The sound the two put out is lighthearted, the piano rhythms and Constantine’s voice bouncy, even. But their lyrics are expressions of a life as a pretty 23 year old in the Castro- a life can prove more complicated upon closer inspection. “I find inspiration in the dialogues I have with the people around me,” says Alarcon, who penned one song for O & H born of a conversation he had with his boyfriend about nothing less than the end of the world. “We were talking about the Mayan prophecies for 2012, but my boyfriend’s a scientist. He was more concerned about 2013, when the oil crisis is set to hit.” Alarcon turns to Constantine, pondering the difference between their songwriting styles, finally hitting on the pith of the issue. “John’s more angsty, more metaphorical.” Ooo… angsty!
“I like to sing about the human condition,” says Constantine, picking up Alaron’s musings. One of John’s songs, ‘Sabotage,’ is a catchy dirge that hinges on a theme familiar to most dashing rock stars; self destruction. “[‘Sabotage’] is about that daily battle you have with the destructive side of yourself, that you live with but must control,” says Constantine, toying earnestly with the stem of his cocktail. To date, their audience favorite is "The Drinking Song", a depraved little interactive ditty whose success amuses Alarcon. "Who knew our most disturbing song would turn out to be our most popular?"
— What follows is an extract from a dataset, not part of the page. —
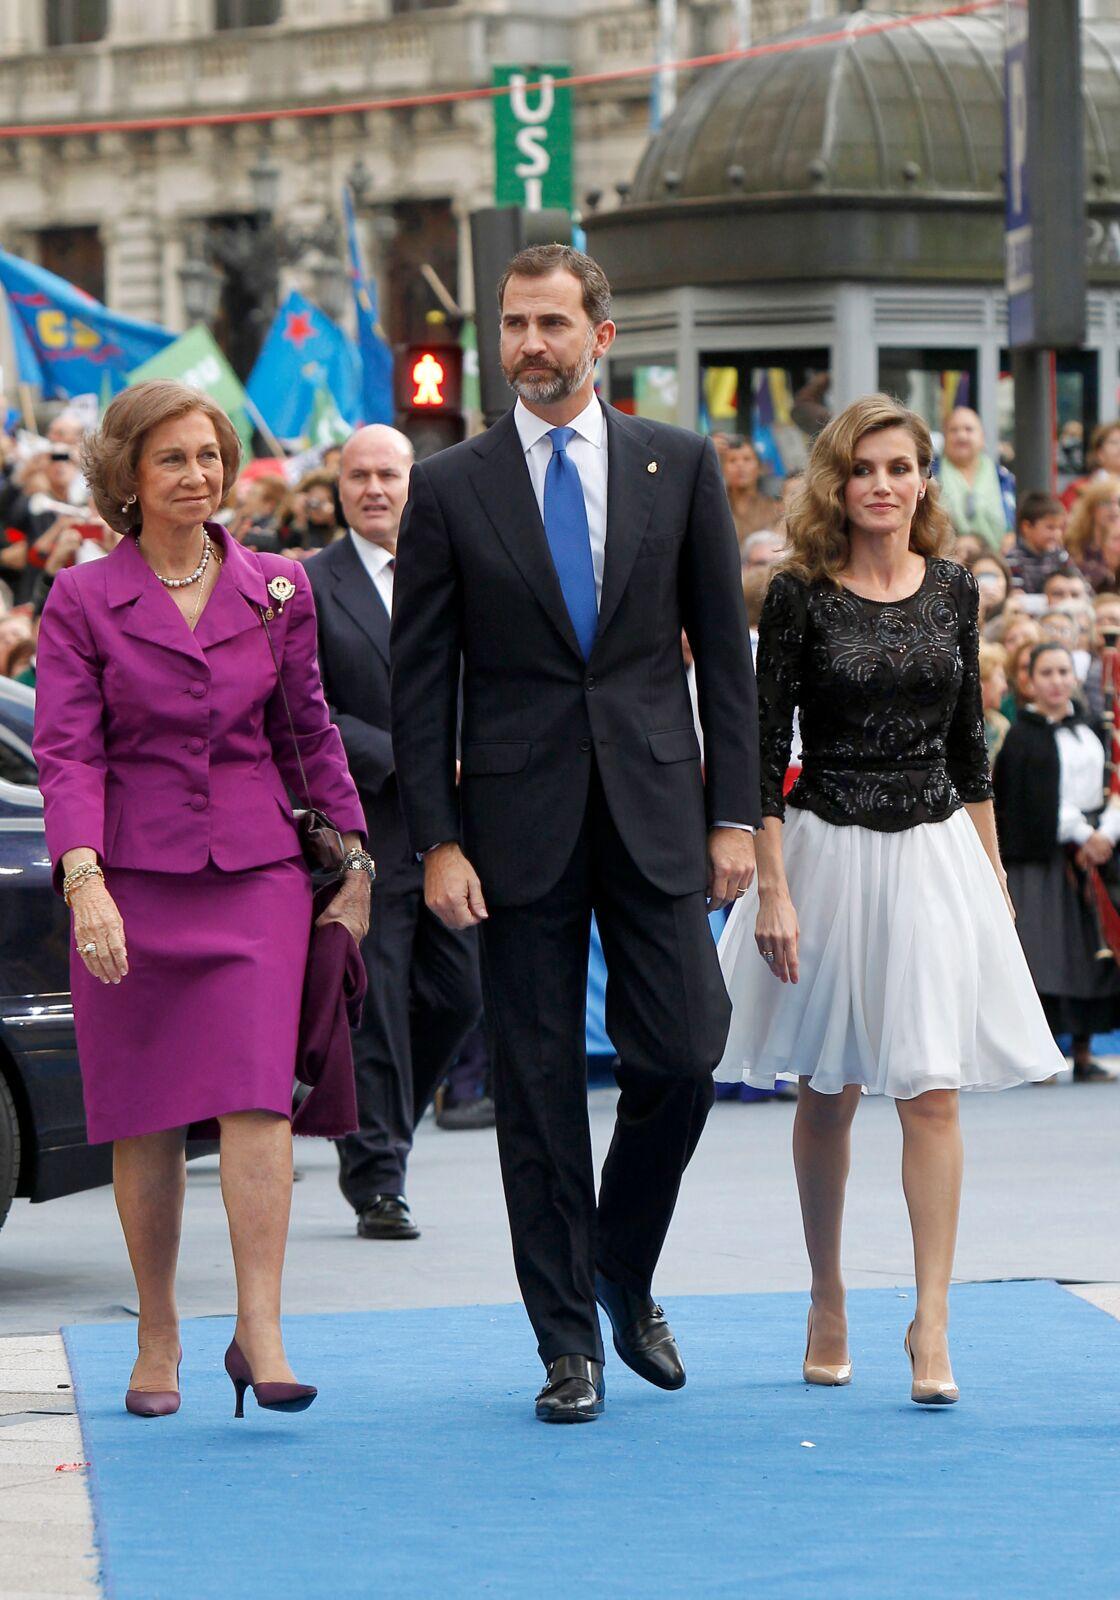 Sofia d'Espagne au côté de son fils Felipe et de sa belle-fille Letizia pour la remise du prix Prince des Asturies, en 2012. L'homme qui concentre désormais ses espoirs, c'est bien son fils.

"Who knew our most disturbing song would turn out to be our most popular?" Photo by Erik Anderson
So back to our bar date (because that's what I'm calling it, so there!) The two have a knack for finishing each other’s sentences, and where Lawrence can be artistically reticent, John is more than happy to tell me about the origin of O&H. Herein lies the duo's sychronicity; they’ve known each other “since forever,” growing up best friends at an arts high school in Los Angeles. John and Lawrence even dated each other for three years, during which they moved up to SF into a shared apartment- where they live to this day, despite having subsequently broken up, moved on… and formed a band. When asked how this is earthly possible, they smile sweetly at each other as though nothing could have been easier. “It was rough, but we’re much more productive now- minus the sex,” says Constantine. “We would have killed each other if we’d kept dating.”
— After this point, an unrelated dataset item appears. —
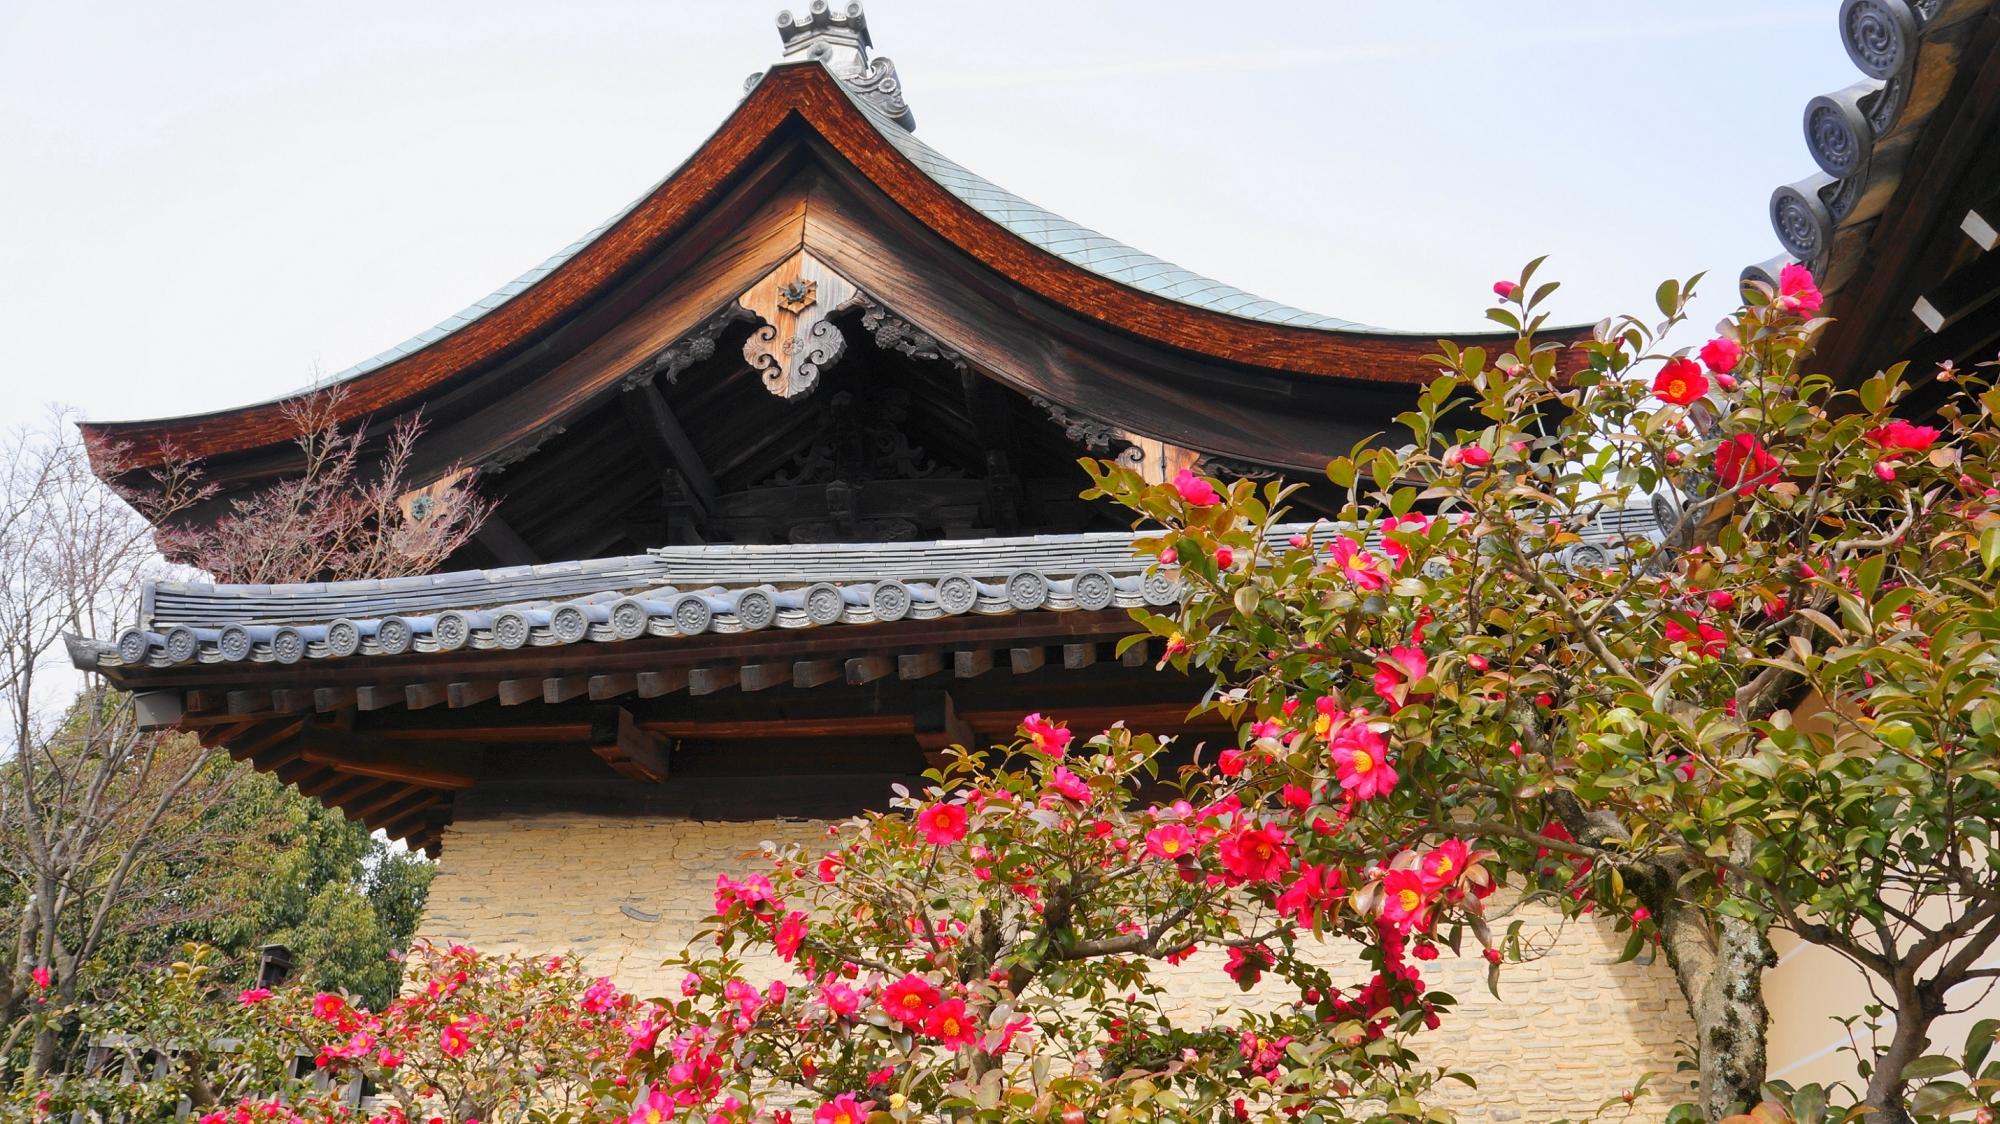 華やかさの中にも風情が感じられる冬の天龍寺のサザンカ

Though the two first collaborated on musical compositions for an installation artist in LA, John and Lawrence only just formed their current act last year. They can still tell you how many live shows they’ve had; a sprightly “twelve!”- blurted out in unison, of course. “We don’t fuck up that much though,” says Constantine with a winning smile. “The one time we noticeably fucked up, someone told me ‘it was cute when you fucked up,’ so I guess that’s good."
So what does 2010 hold for these darlings, who are still unsigned to a label as of press time? Well, besides the trail of broken hearts and rehearsal hours they're working on a studio album and recently announced their gig at this year's South by Southwest festival. And then? Says Constantine “We’ve planted a lot of seeds, we just have to water them all.” Somebody hand these boys a hose- the world hearts Orchid and Hound.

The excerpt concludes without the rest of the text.